GEORG HENISCH - Teütsche Sprach vnd Weißheit, Augsburg 1616 - abgeschlossen
Henisch ist der erste der hier vorgestellten Lexikographen, der das deutsche Stichwort zunächst mit einem deutschen Synonym erläutert: Aber / sonder / sunder. Es folgt eine Funktionsbestimmung, bevor der weiterhin obligatorische Verweis auf das Lateinische und seine Entsprechungen erfolgt; auch das Griechische wird angeführt. Wie im Calepinus wird dann für eine Reihe europäischer Sprachen die Übersetzung von aber angegeben - die Sprachen sind noch die gleichen, nur ist das Italienische durch das Böhmische (d.h. Tschechische) ersetzt.
Bei der Auflistung der nachfolgenden Beispiele wird klar, daß auch bei Henisch von einem Primat der deutschen Sprache nur bedingt die Rede sein kann: Die Beispiele sind nach den lateinischen Entsprechungen geordnet; sie werden sogar mit einer Angabe zur lateinischen Syntax eröffnet: At wirdt im anfang gebraucht. In einem Beispielsatz kommt aber überhaupt nicht vor: Eintweder sterben / oder wa nicht / doch zum wenigsten in etlicher hoffnung leben.

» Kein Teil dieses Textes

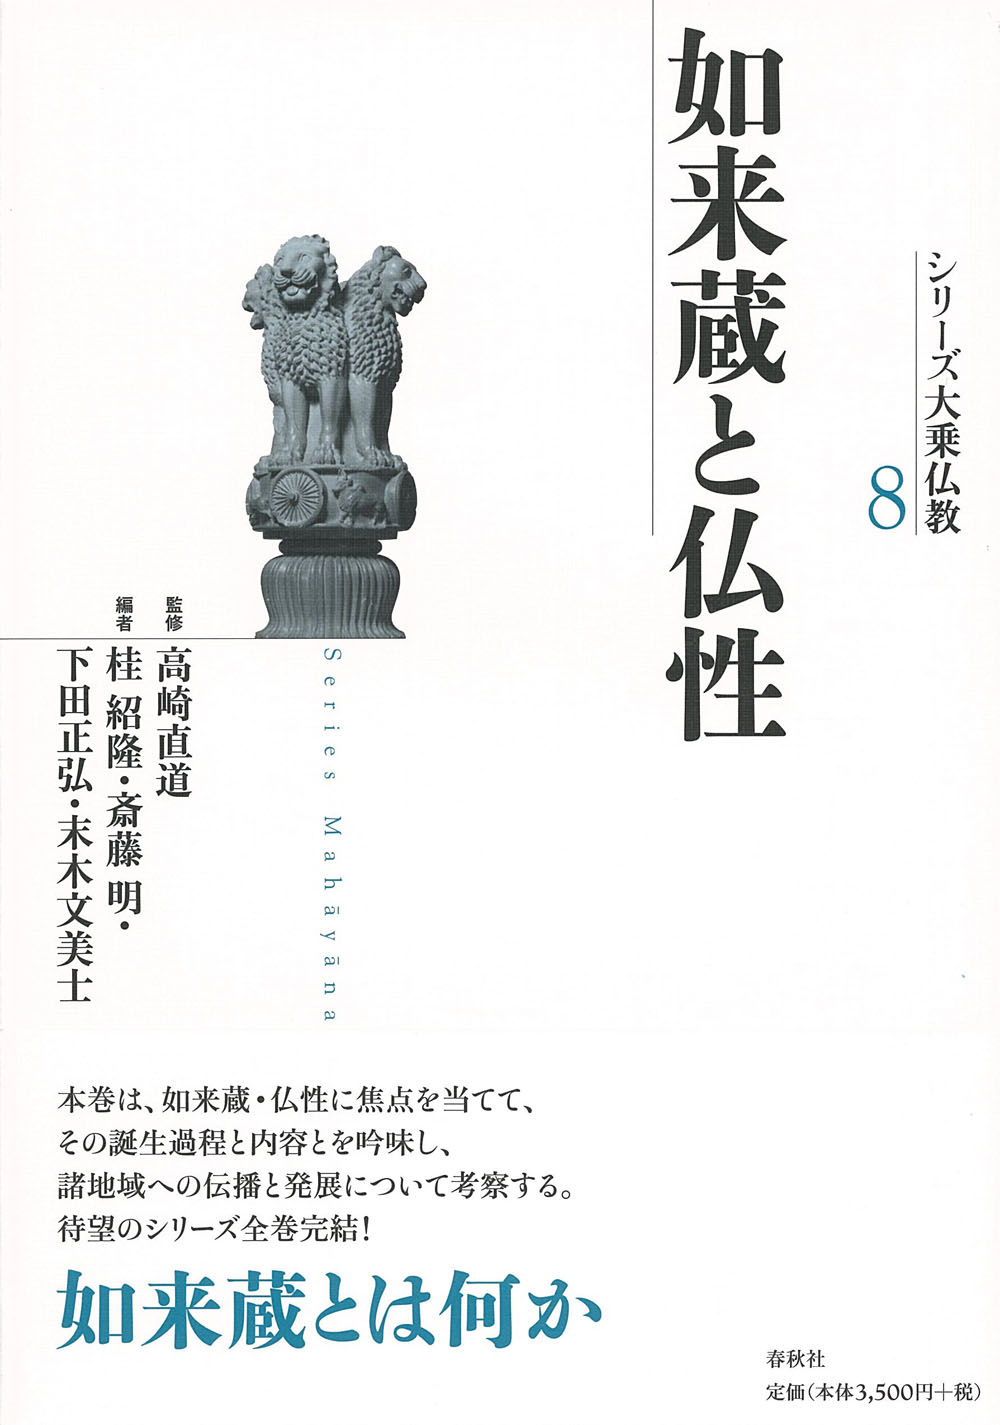 白い表紙に、シリーズ大乗仏教のイメージである狛犬の写真と書名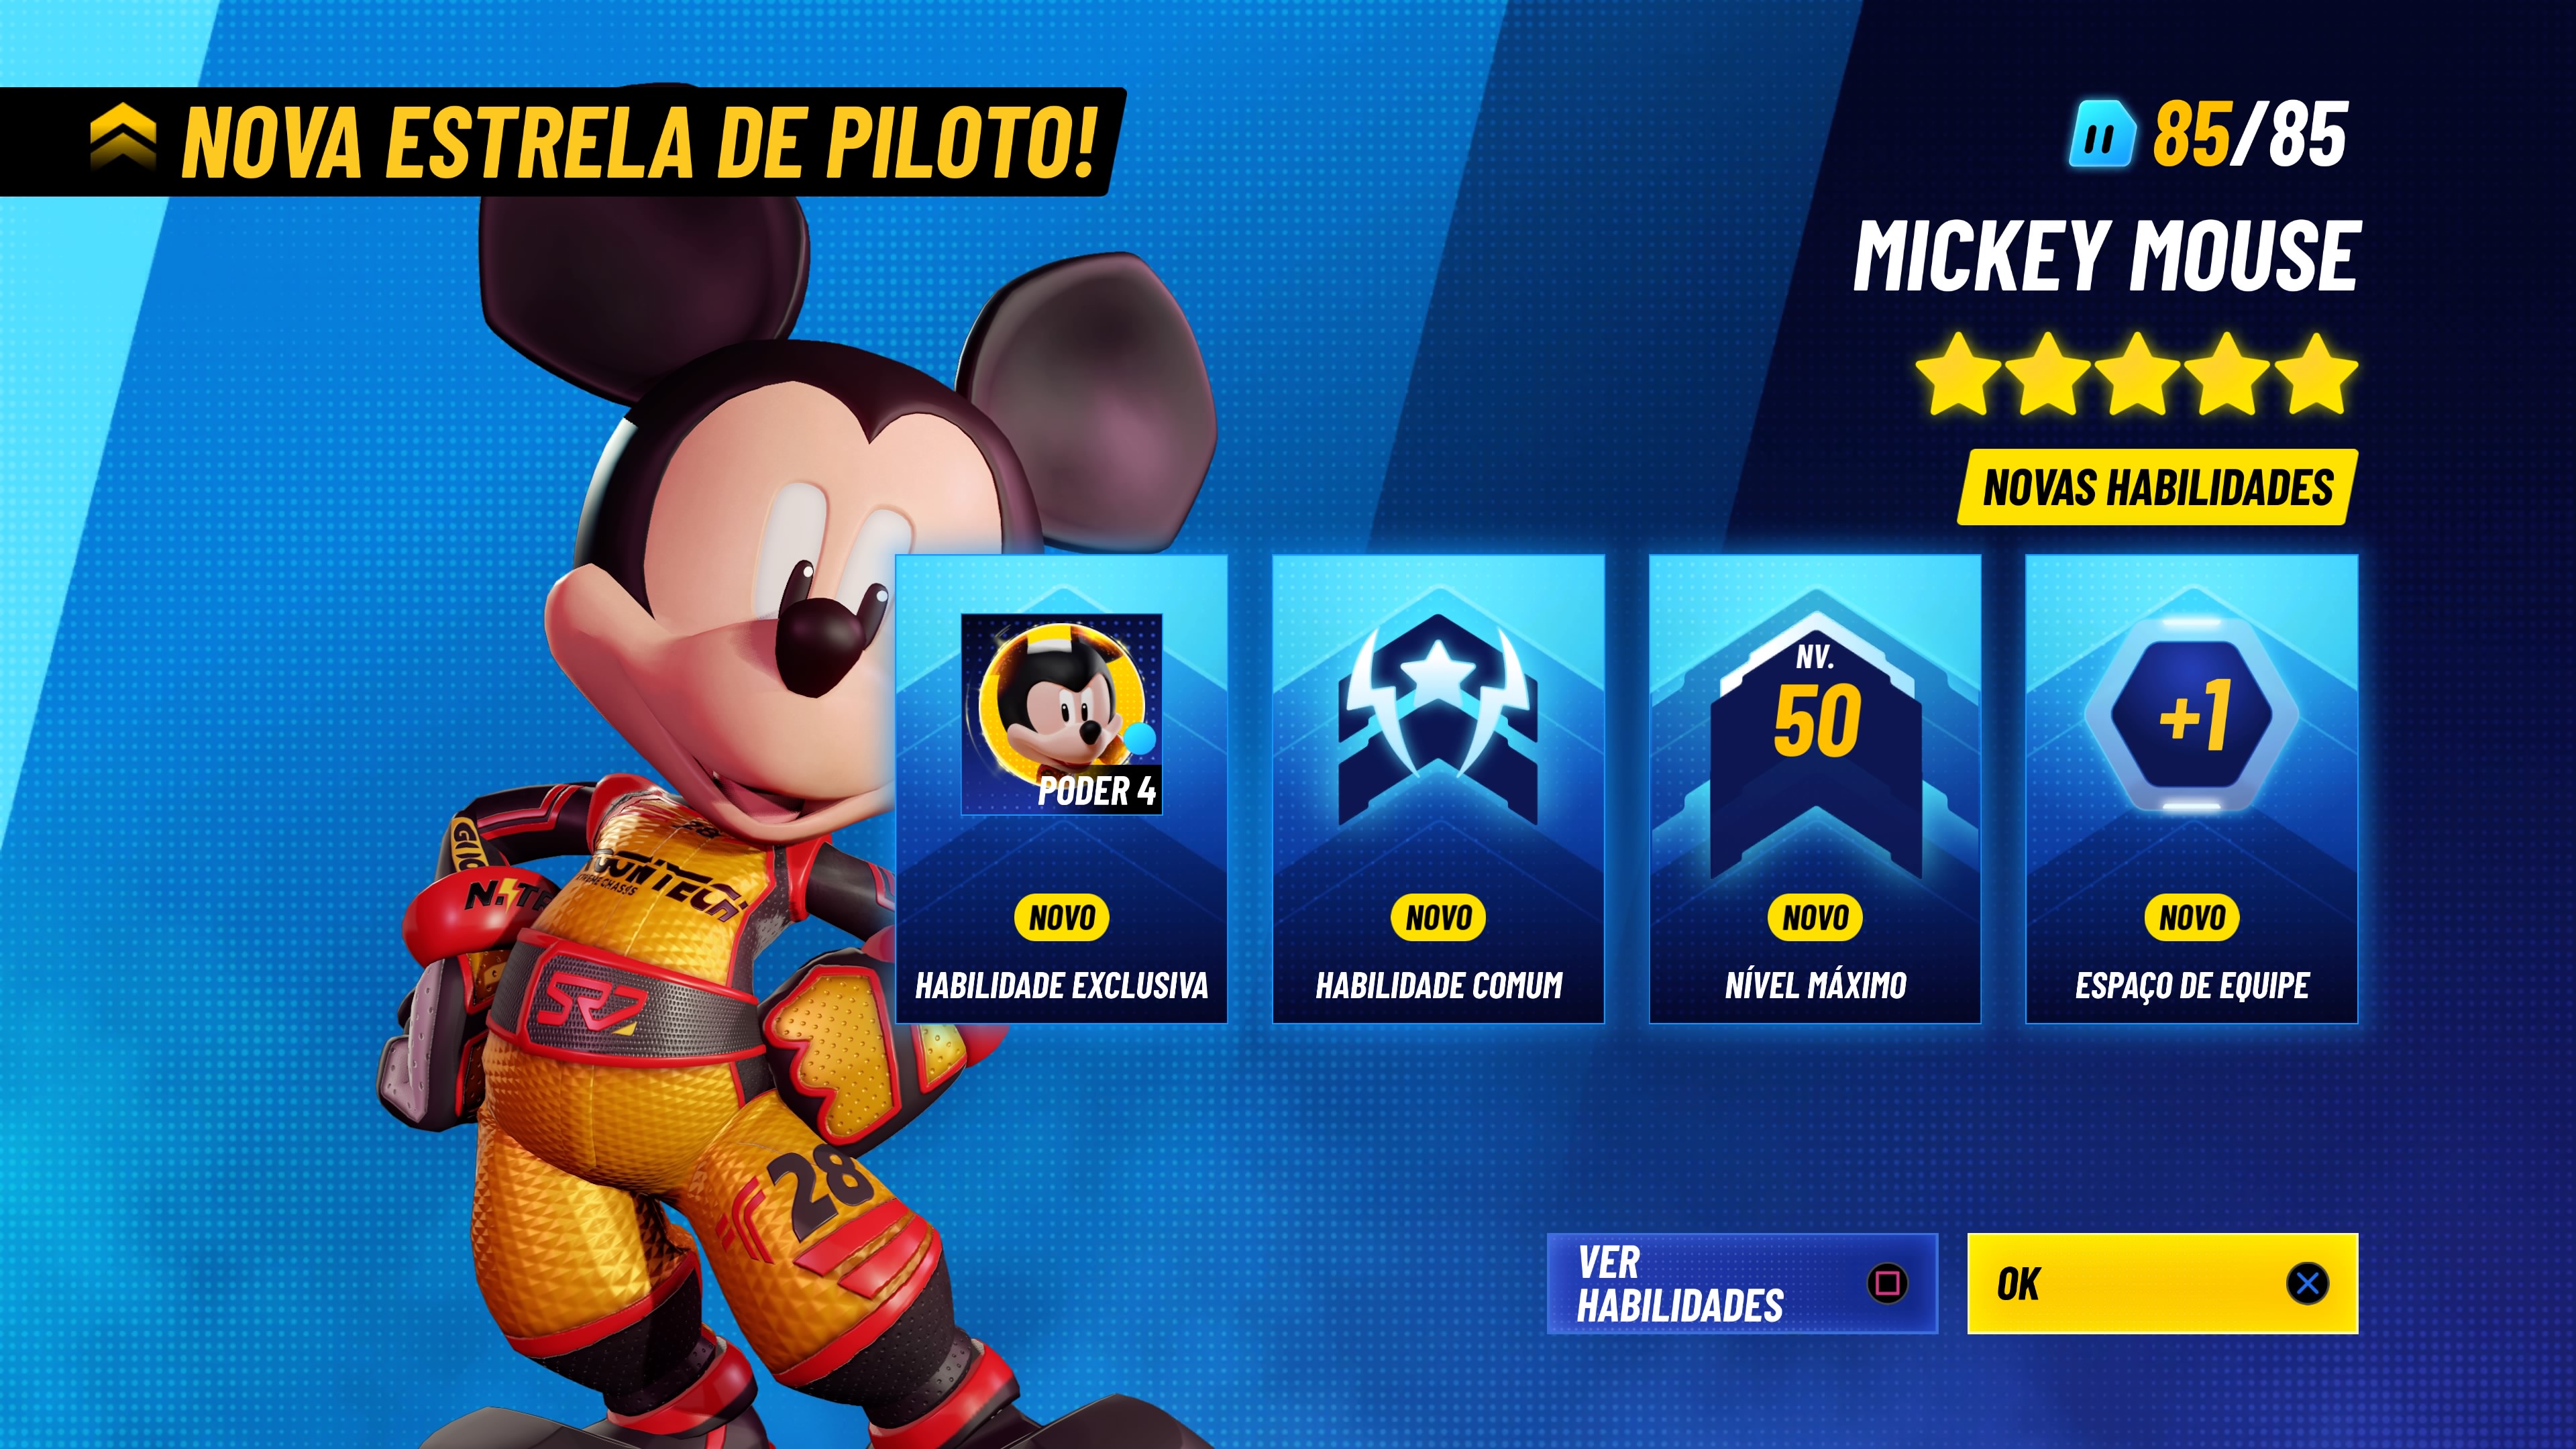 Disney Speedstorm: veja gameplay e requisitos do jogo de corrida

Henisch gibt erstmals einen redensartlichen Gebrauch an (mit Pro. für lat. proverbium gekennzeichnet): Es ist kein mensch ohn ein aber. Darüber hinaus verzeichnet er mehrere Kompositionsbildungen: Neben dem schon bei Dasypodius verzeichneten Stichwort Aberglaube und seinen Ableitungen führt er auch abermal und Aberwitz an.